Record set:

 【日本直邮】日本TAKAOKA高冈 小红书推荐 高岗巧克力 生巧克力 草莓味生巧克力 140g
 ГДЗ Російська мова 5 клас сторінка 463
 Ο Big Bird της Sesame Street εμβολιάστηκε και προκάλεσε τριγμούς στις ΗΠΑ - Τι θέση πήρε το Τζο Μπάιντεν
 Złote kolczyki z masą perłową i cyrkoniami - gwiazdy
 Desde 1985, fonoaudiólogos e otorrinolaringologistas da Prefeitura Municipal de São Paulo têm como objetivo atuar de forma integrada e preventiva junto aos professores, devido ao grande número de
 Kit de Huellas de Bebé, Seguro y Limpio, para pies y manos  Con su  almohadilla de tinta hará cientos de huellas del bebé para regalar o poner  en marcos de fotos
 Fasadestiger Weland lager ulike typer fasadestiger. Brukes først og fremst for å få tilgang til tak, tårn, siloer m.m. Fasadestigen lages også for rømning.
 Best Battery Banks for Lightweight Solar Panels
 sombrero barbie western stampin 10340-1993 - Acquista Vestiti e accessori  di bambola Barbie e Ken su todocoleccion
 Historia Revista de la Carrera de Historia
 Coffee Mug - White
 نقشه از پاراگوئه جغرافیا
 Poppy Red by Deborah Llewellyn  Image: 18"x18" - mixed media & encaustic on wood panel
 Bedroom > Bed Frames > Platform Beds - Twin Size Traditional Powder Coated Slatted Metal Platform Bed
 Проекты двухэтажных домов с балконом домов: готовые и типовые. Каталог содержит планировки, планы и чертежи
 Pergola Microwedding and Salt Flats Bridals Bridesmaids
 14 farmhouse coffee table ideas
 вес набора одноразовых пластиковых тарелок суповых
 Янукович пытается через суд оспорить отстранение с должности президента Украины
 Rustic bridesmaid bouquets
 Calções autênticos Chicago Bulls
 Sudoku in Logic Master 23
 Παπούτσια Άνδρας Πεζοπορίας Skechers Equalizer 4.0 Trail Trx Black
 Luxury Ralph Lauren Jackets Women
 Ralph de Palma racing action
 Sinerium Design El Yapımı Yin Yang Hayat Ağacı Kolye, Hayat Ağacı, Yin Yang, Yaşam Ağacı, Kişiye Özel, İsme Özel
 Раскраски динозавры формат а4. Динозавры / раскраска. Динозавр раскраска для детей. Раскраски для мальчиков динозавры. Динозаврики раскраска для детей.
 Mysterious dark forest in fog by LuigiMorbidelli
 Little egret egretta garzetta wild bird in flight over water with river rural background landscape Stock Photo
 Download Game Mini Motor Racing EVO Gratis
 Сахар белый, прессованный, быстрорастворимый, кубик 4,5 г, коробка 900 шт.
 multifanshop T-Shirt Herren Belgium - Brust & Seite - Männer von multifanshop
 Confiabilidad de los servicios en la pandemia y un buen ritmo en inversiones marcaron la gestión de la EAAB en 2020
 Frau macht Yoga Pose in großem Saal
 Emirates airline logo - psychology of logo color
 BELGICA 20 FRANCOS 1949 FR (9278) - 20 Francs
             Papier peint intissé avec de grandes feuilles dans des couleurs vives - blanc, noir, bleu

Task statement: Repeat every record, keeping each line exactly as it is.

Response box:
 【日本直邮】日本TAKAOKA高冈 小红书推荐 高岗巧克力 生巧克力 草莓味生巧克力 140g
 ГДЗ Російська мова 5 клас сторінка 463
 Ο Big Bird της Sesame Street εμβολιάστηκε και προκάλεσε τριγμούς στις ΗΠΑ - Τι θέση πήρε το Τζο Μπάιντεν
 Złote kolczyki z masą perłową i cyrkoniami - gwiazdy
 Desde 1985, fonoaudiólogos e otorrinolaringologistas da Prefeitura Municipal de São Paulo têm como objetivo atuar de forma integrada e preventiva junto aos professores, devido ao grande número de
 Kit de Huellas de Bebé, Seguro y Limpio, para pies y manos  Con su  almohadilla de tinta hará cientos de huellas del bebé para regalar o poner  en marcos de fotos
 Fasadestiger Weland lager ulike typer fasadestiger. Brukes først og fremst for å få tilgang til tak, tårn, siloer m.m. Fasadestigen lages også for rømning.
 Best Battery Banks for Lightweight Solar Panels
 sombrero barbie western stampin 10340-1993 - Acquista Vestiti e accessori  di bambola Barbie e Ken su todocoleccion
 Historia Revista de la Carrera de Historia
 Coffee Mug - White
 نقشه از پاراگوئه جغرافیا
 Poppy Red by Deborah Llewellyn  Image: 18"x18" - mixed media & encaustic on wood panel
 Bedroom > Bed Frames > Platform Beds - Twin Size Traditional Powder Coated Slatted Metal Platform Bed
 Проекты двухэтажных домов с балконом домов: готовые и типовые. Каталог содержит планировки, планы и чертежи
 Pergola Microwedding and Salt Flats Bridals Bridesmaids
 14 farmhouse coffee table ideas
 вес набора одноразовых пластиковых тарелок суповых
 Янукович пытается через суд оспорить отстранение с должности президента Украины
 Rustic bridesmaid bouquets
 Calções autênticos Chicago Bulls
 Sudoku in Logic Master 23
 Παπούτσια Άνδρας Πεζοπορίας Skechers Equalizer 4.0 Trail Trx Black
 Luxury Ralph Lauren Jackets Women
 Ralph de Palma racing action
 Sinerium Design El Yapımı Yin Yang Hayat Ağacı Kolye, Hayat Ağacı, Yin Yang, Yaşam Ağacı, Kişiye Özel, İsme Özel
 Раскраски динозавры формат а4. Динозавры / раскраска. Динозавр раскраска для детей. Раскраски для мальчиков динозавры. Динозаврики раскраска для детей.
 Mysterious dark forest in fog by LuigiMorbidelli
 Little egret egretta garzetta wild bird in flight over water with river rural background landscape Stock Photo
 Download Game Mini Motor Racing EVO Gratis
 Сахар белый, прессованный, быстрорастворимый, кубик 4,5 г, коробка 900 шт.
 multifanshop T-Shirt Herren Belgium - Brust & Seite - Männer von multifanshop
 Confiabilidad de los servicios en la pandemia y un buen ritmo en inversiones marcaron la gestión de la EAAB en 2020
 Frau macht Yoga Pose in großem Saal
 Emirates airline logo - psychology of logo color
 BELGICA 20 FRANCOS 1949 FR (9278) - 20 Francs
             Papier peint intissé avec de grandes feuilles dans des couleurs vives - blanc, noir, bleu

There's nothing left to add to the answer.